Sobre sorte. Uma vez um amigo me contou sobre esta empresa que contratava apenas pessoas sortudas. Perguntavam para as pessoas se elas se consideravam sortudas ou não. Depois disso, davam para as pessoas algumas cartelas cheias de números minúsculos, e diziam que as cartelas que tivessem o número 247 seriam selecionadas para a próxima fase do processo seletivo. As pessoas que se diziam “sortudas” tinham mais do que o dobro de chance de encontrar o número 247 do que aquelas que não se consideravam sortudas. Perguntei ao meu amigo se ele acreditava que era algum tipo de energia ou sorte mística. Ele me disse: “Todas as cartelas tinham o número 247. As pessoas  que se consideram sortudas estavam apenas prestando mais atenção nas chances que a vida dá”.

Esta semana descobrimos que o câncer da minha mãe desapareceu, depois do tratamento. Talvez, ela seja mesmo sortuda. Ficamos muito felizes, obviamente. Minha mãe terá que nos aturar por mais algum tempo, para nossa alegria.
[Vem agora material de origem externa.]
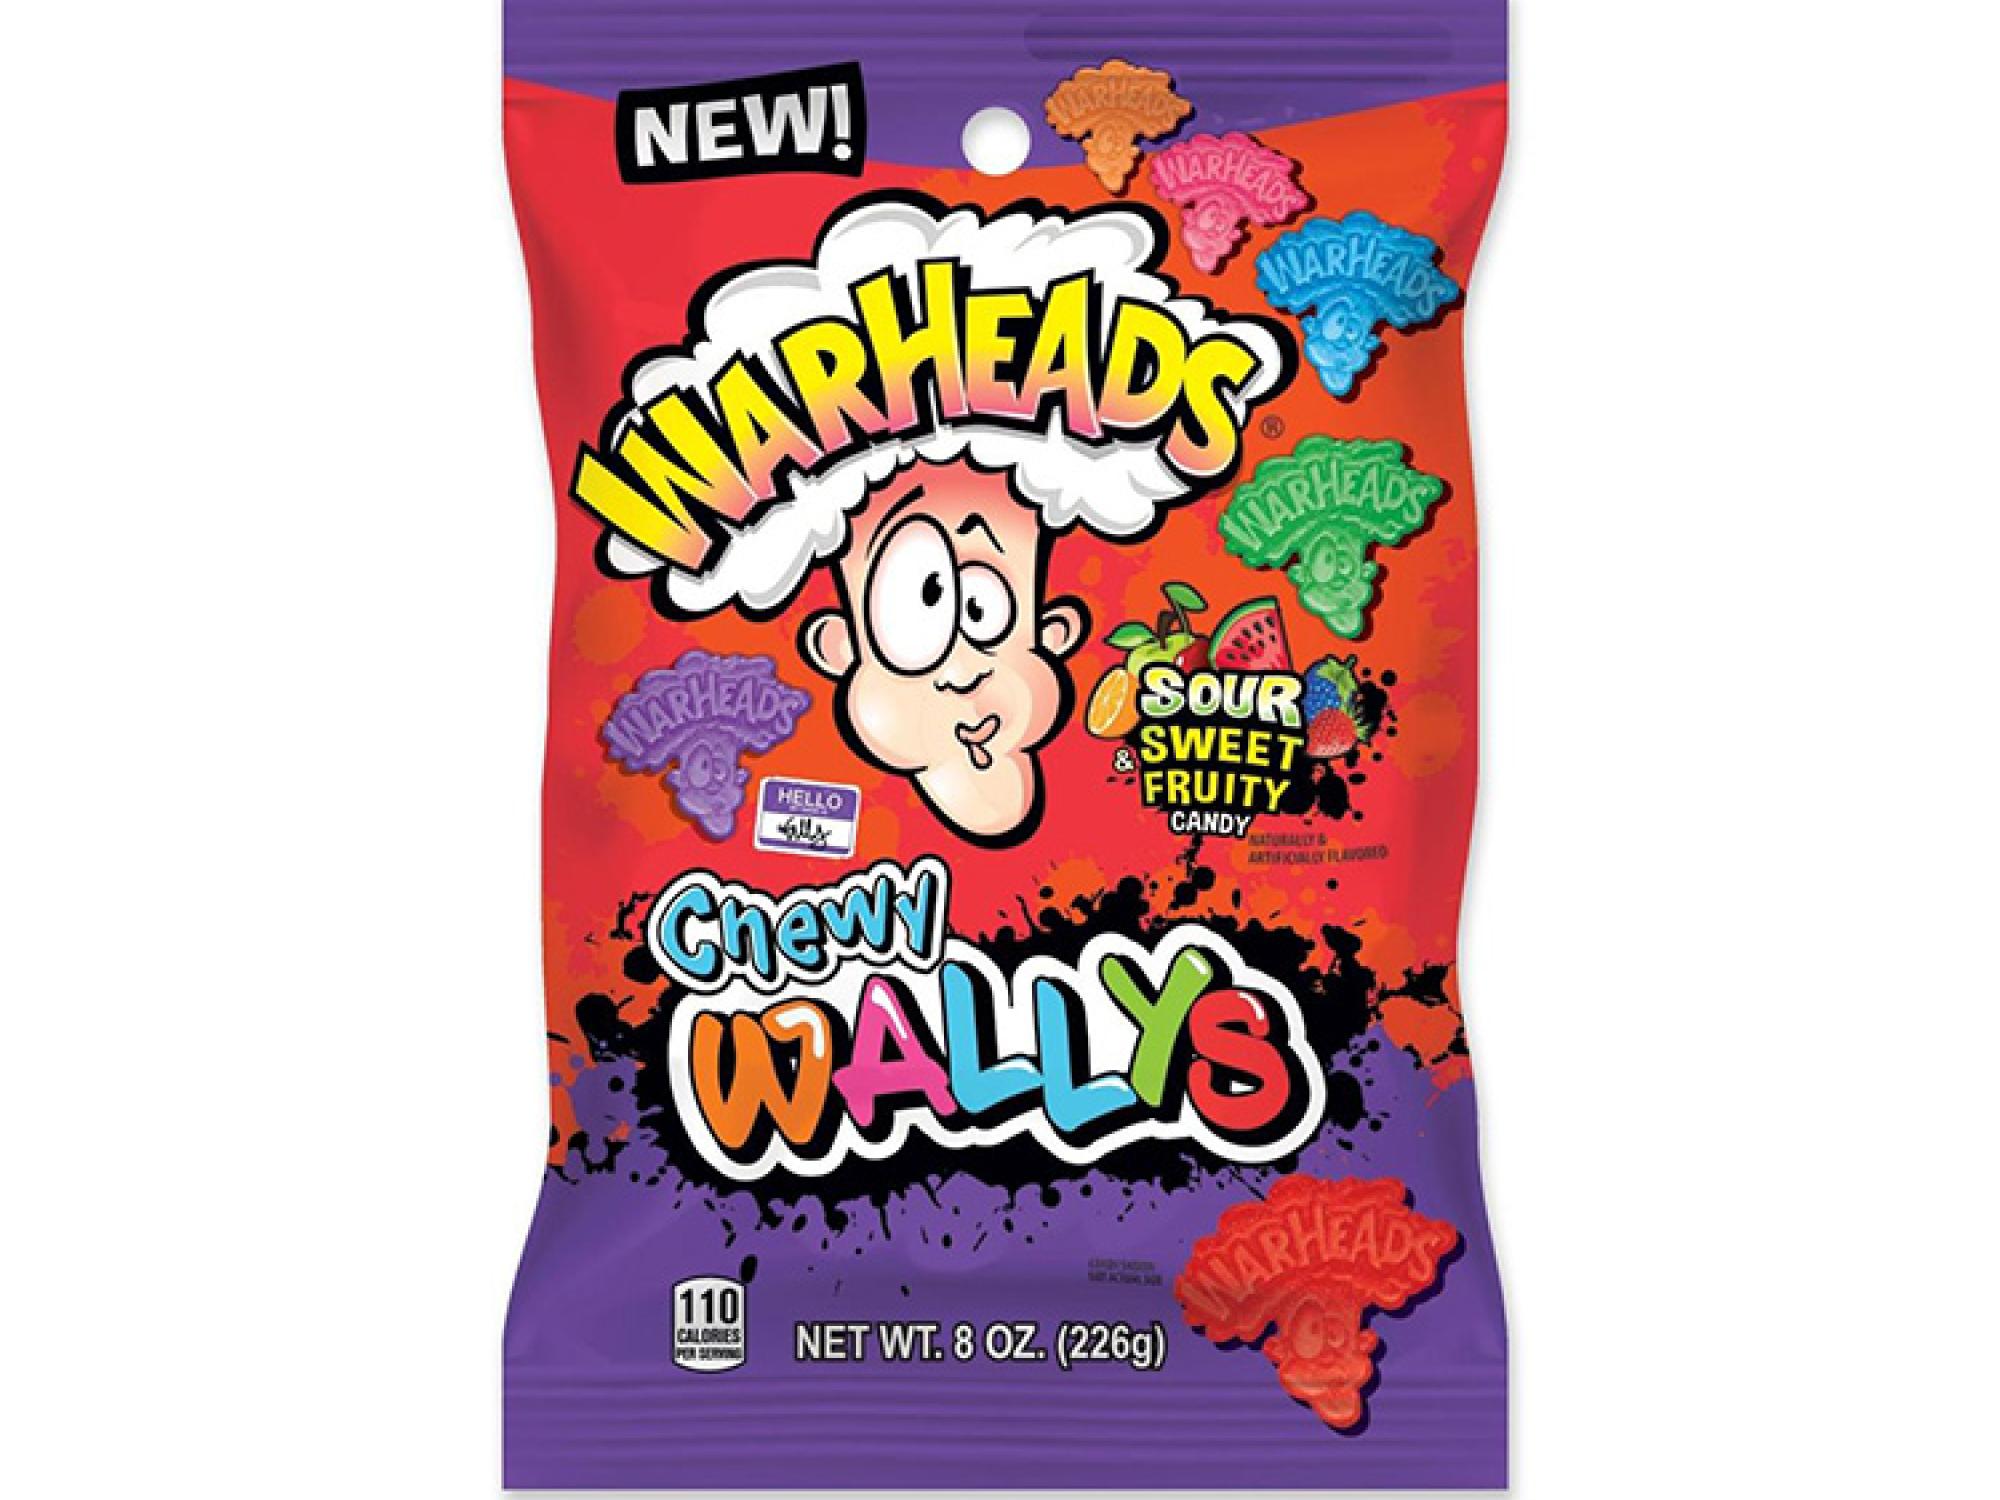 Warheads Chewy Wally

Comemoramos em uma ligação telefônica cheia de gritos de alegria. Uma ligação telefônica que nos uniu, mais de 300 quilômetros distantes. Por um segundo, meu pensamento passou por aquela menina de 29 anos, com um câncer nível 4. Desejei, por algum momento, que ela tenha sorte. A sorte de comemorar a cura um dia. A sorte de ter uma vida longa, e filhos. E, acima de tudo, a sorte de conseguir perceber a sorte, mesmo onde é difícil enxergar.